(Data excerpts)
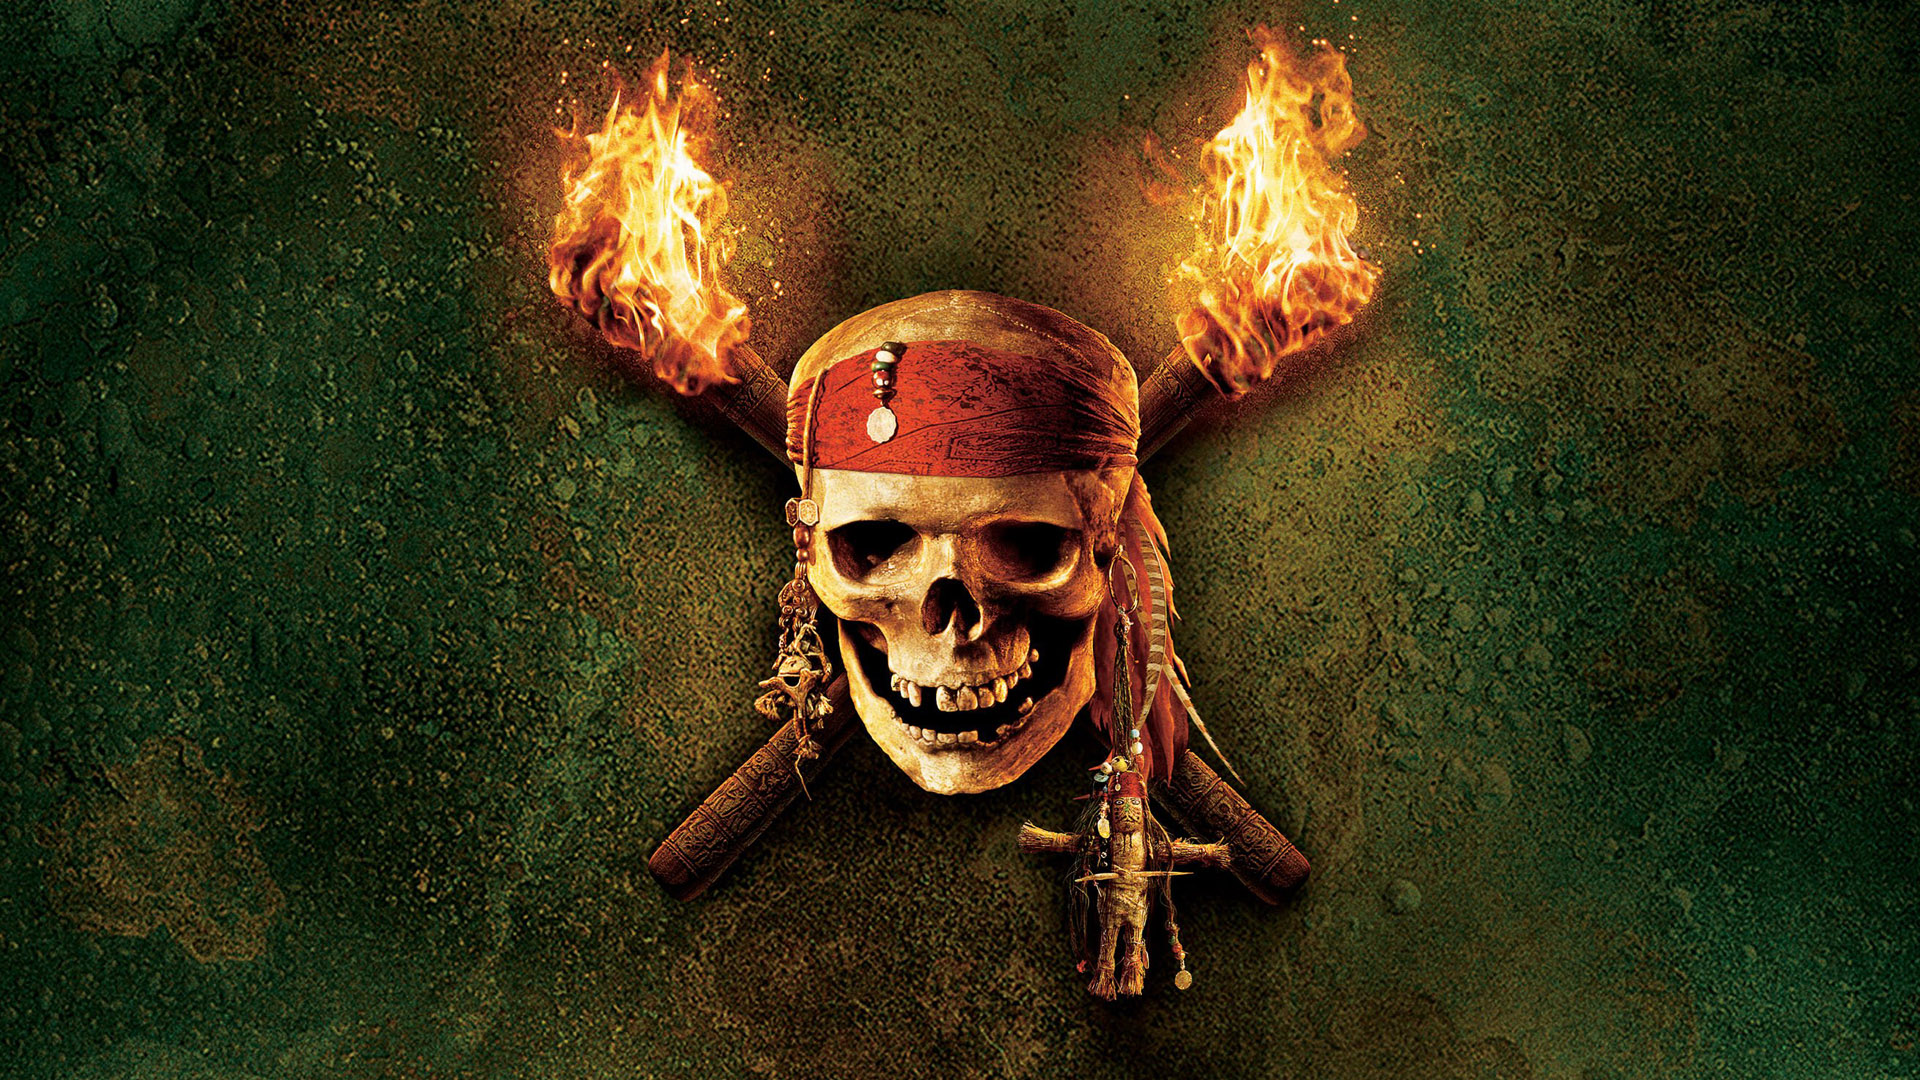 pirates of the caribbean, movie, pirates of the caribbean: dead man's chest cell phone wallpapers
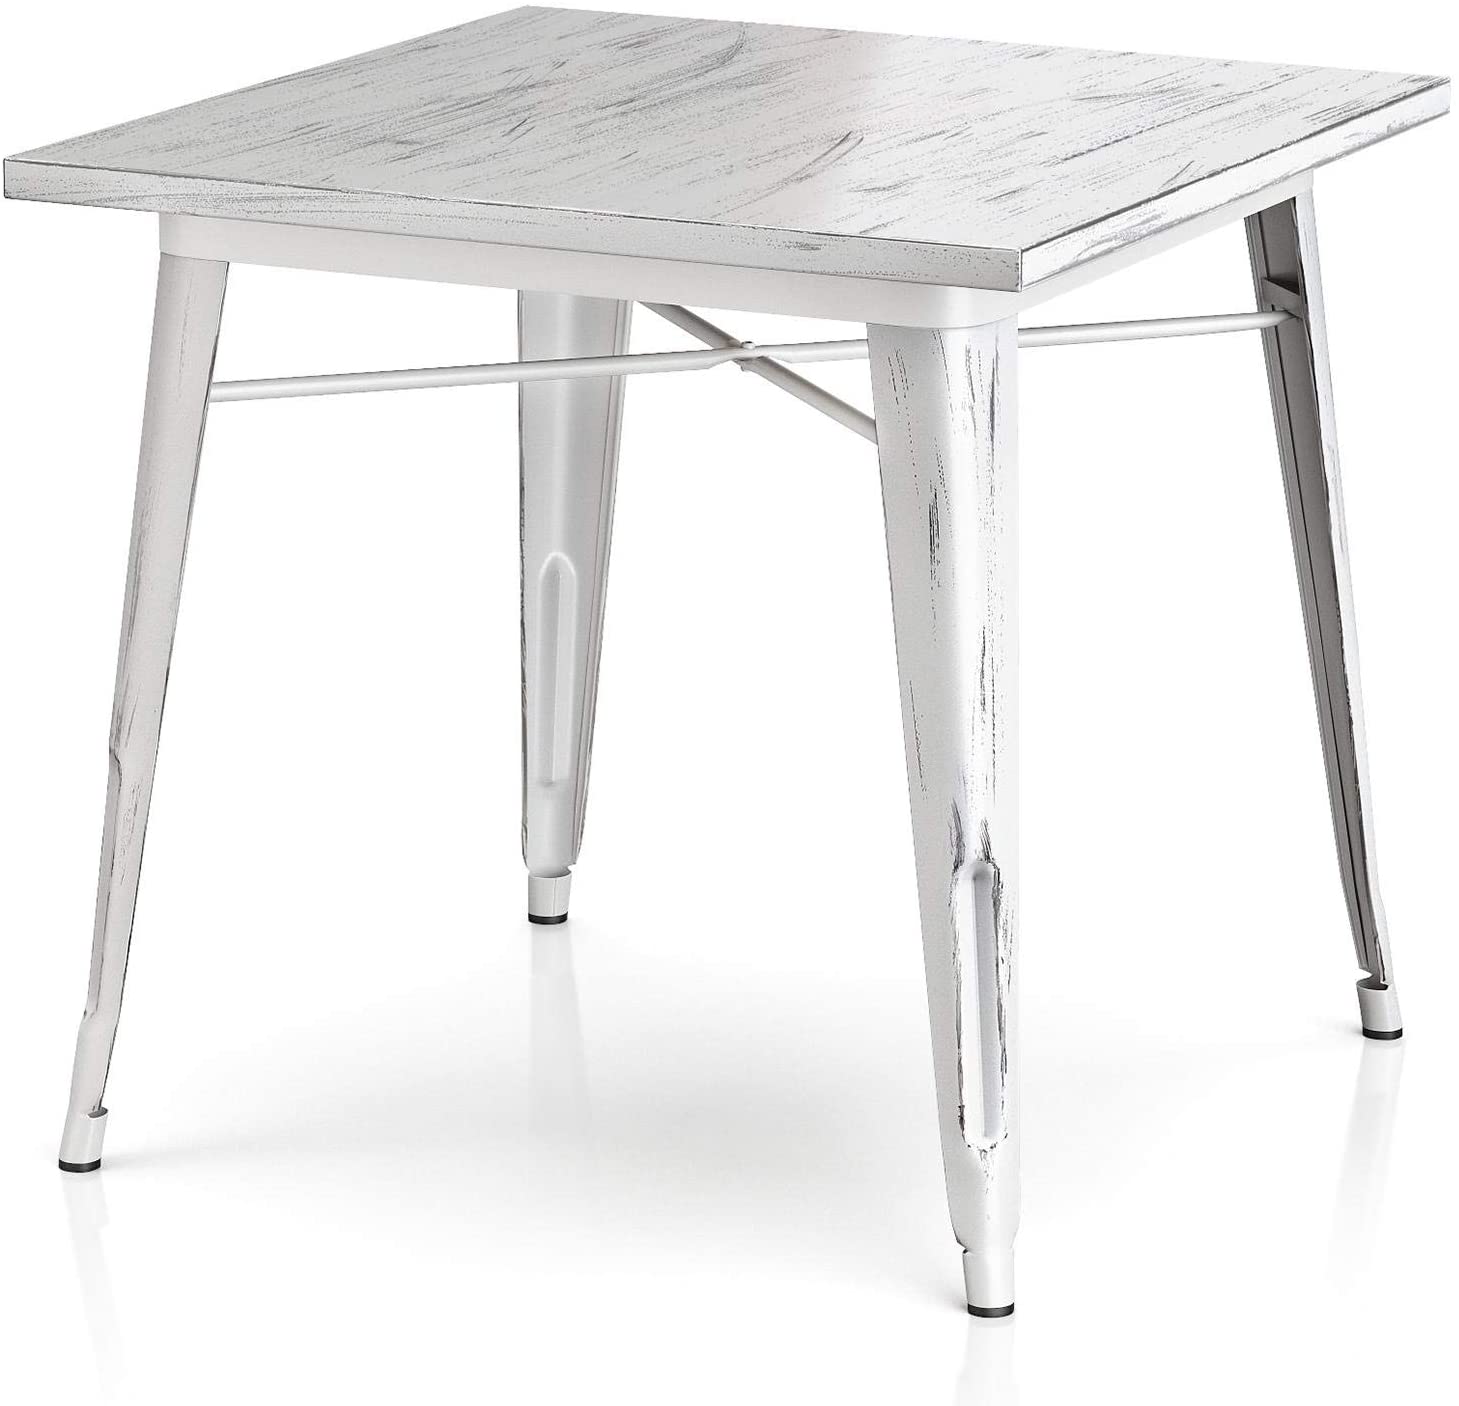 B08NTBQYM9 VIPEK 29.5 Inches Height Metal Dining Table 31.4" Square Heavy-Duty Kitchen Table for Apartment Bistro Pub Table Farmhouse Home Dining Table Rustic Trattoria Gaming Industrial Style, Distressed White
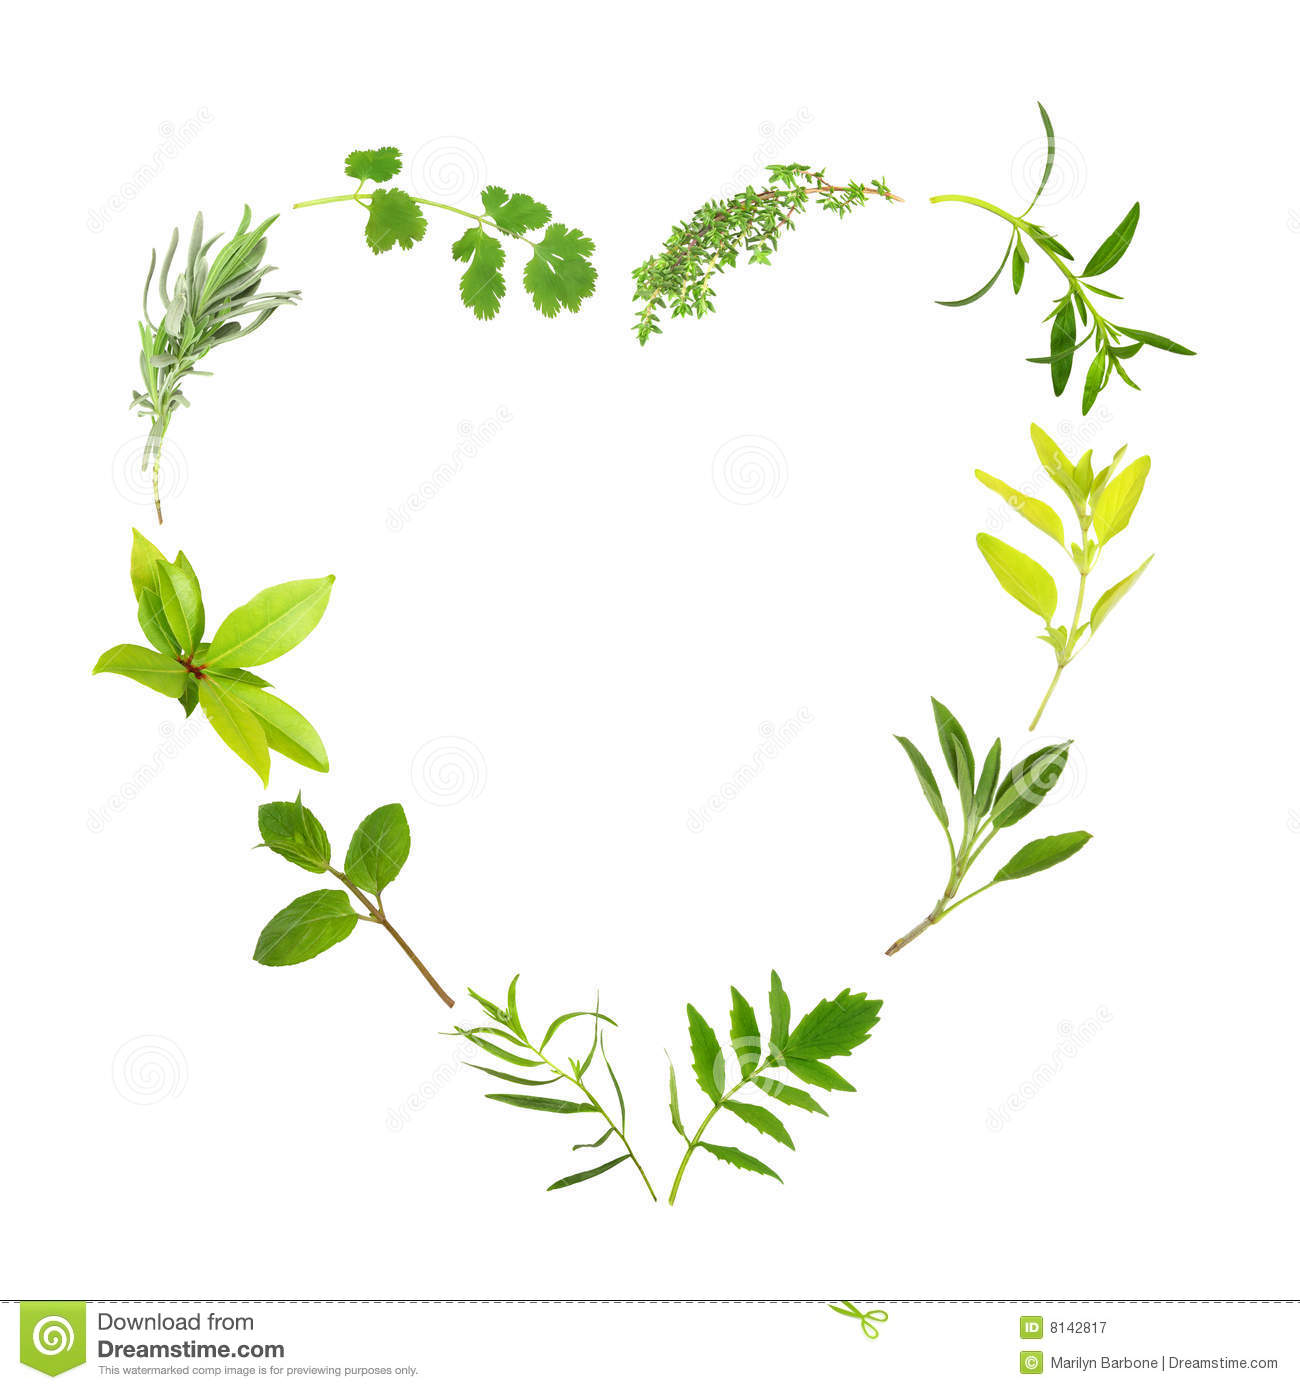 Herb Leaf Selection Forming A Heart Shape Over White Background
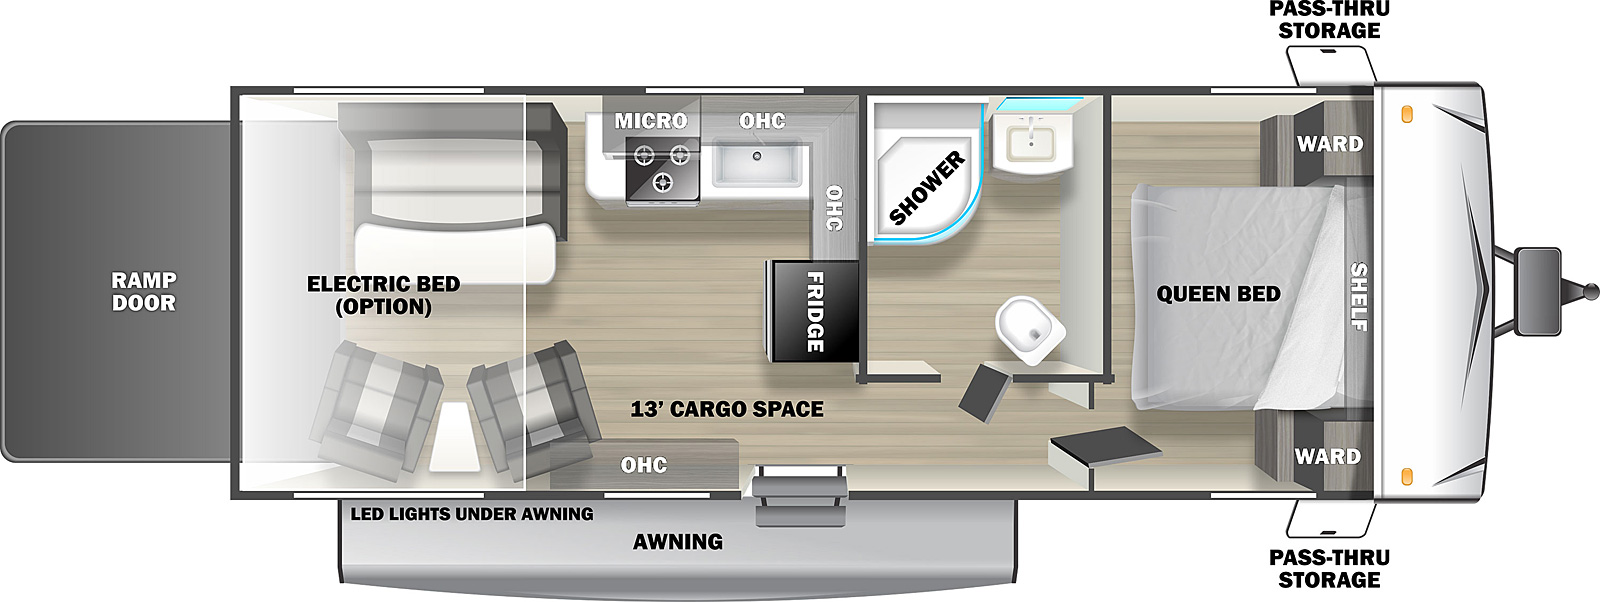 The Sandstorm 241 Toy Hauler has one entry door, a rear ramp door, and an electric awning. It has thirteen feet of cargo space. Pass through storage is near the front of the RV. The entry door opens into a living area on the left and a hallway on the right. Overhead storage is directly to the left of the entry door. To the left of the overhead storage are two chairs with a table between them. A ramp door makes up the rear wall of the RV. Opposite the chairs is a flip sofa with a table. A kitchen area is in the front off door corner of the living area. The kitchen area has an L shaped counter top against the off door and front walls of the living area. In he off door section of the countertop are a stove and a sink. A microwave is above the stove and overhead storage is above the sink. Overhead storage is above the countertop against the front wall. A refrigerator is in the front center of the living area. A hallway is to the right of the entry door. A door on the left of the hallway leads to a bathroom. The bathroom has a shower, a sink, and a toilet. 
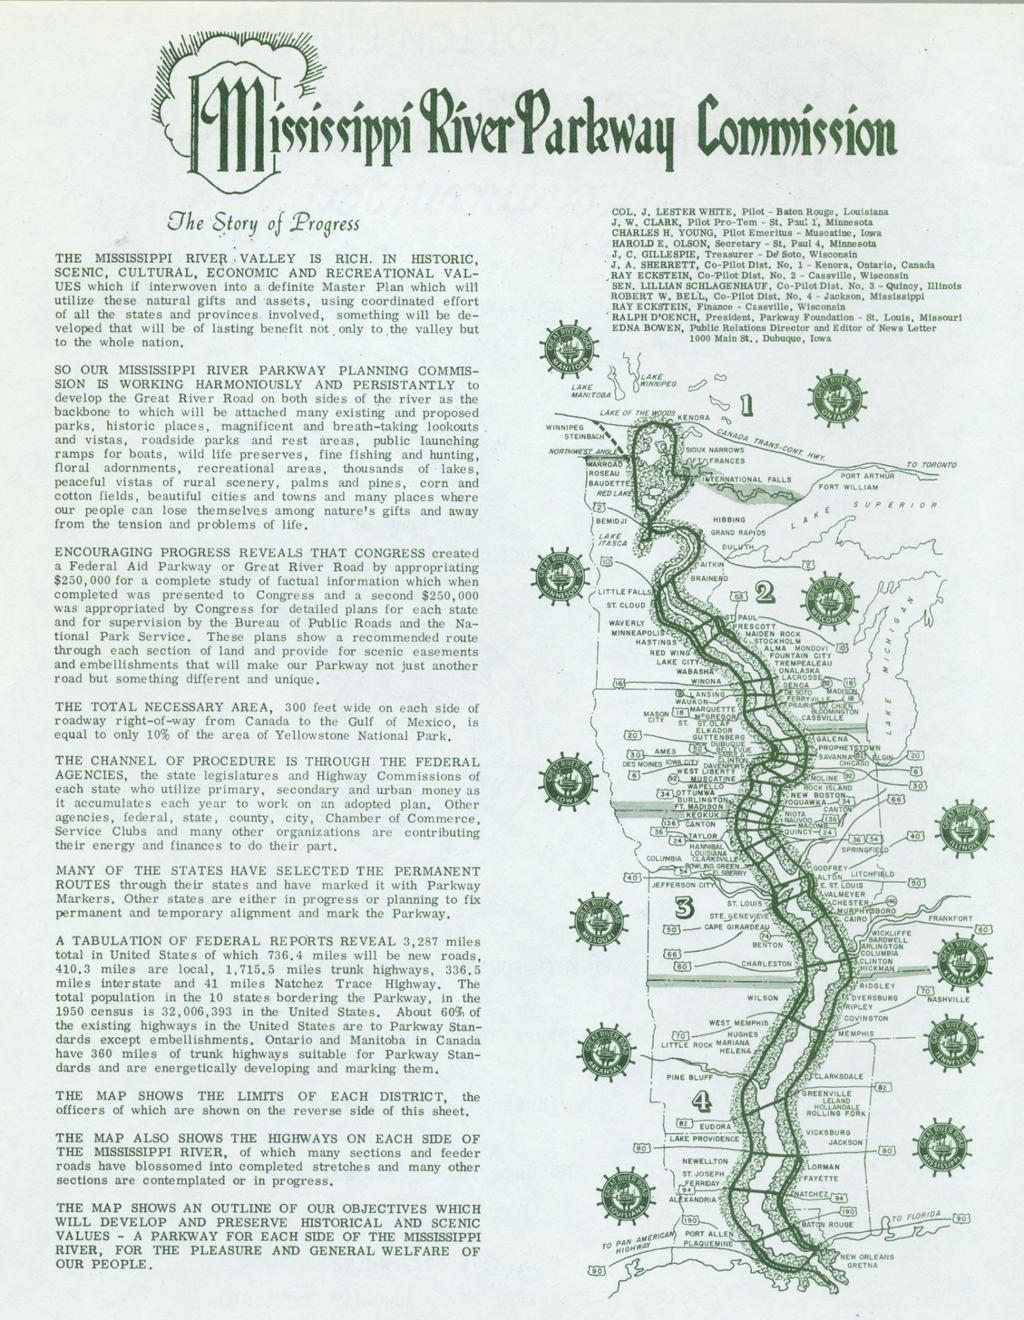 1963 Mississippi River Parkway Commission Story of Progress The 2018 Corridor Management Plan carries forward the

# Work to complete:
This exercise calls for the records to be given again exactly, without the images.

# Result of this task:
 pirates of the caribbean, movie, pirates of the caribbean: dead man's chest cell phone wallpapers
 B08NTBQYM9 VIPEK 29.5 Inches Height Metal Dining Table 31.4" Square Heavy-Duty Kitchen Table for Apartment Bistro Pub Table Farmhouse Home Dining Table Rustic Trattoria Gaming Industrial Style, Distressed White
 Herb Leaf Selection Forming A Heart Shape Over White Background
 The Sandstorm 241 Toy Hauler has one entry door, a rear ramp door, and an electric awning. It has thirteen feet of cargo space. Pass through storage is near the front of the RV. The entry door opens into a living area on the left and a hallway on the right. Overhead storage is directly to the left of the entry door. To the left of the overhead storage are two chairs with a table between them. A ramp door makes up the rear wall of the RV. Opposite the chairs is a flip sofa with a table. A kitchen area is in the front off door corner of the living area. The kitchen area has an L shaped counter top against the off door and front walls of the living area. In he off door section of the countertop are a stove and a sink. A microwave is above the stove and overhead storage is above the sink. Overhead storage is above the countertop against the front wall. A refrigerator is in the front center of the living area. A hallway is to the right of the entry door. A door on the left of the hallway leads to a bathroom. The bathroom has a shower, a sink, and a toilet. 
 1963 Mississippi River Parkway Commission Story of Progress The 2018 Corridor Management Plan carries forward the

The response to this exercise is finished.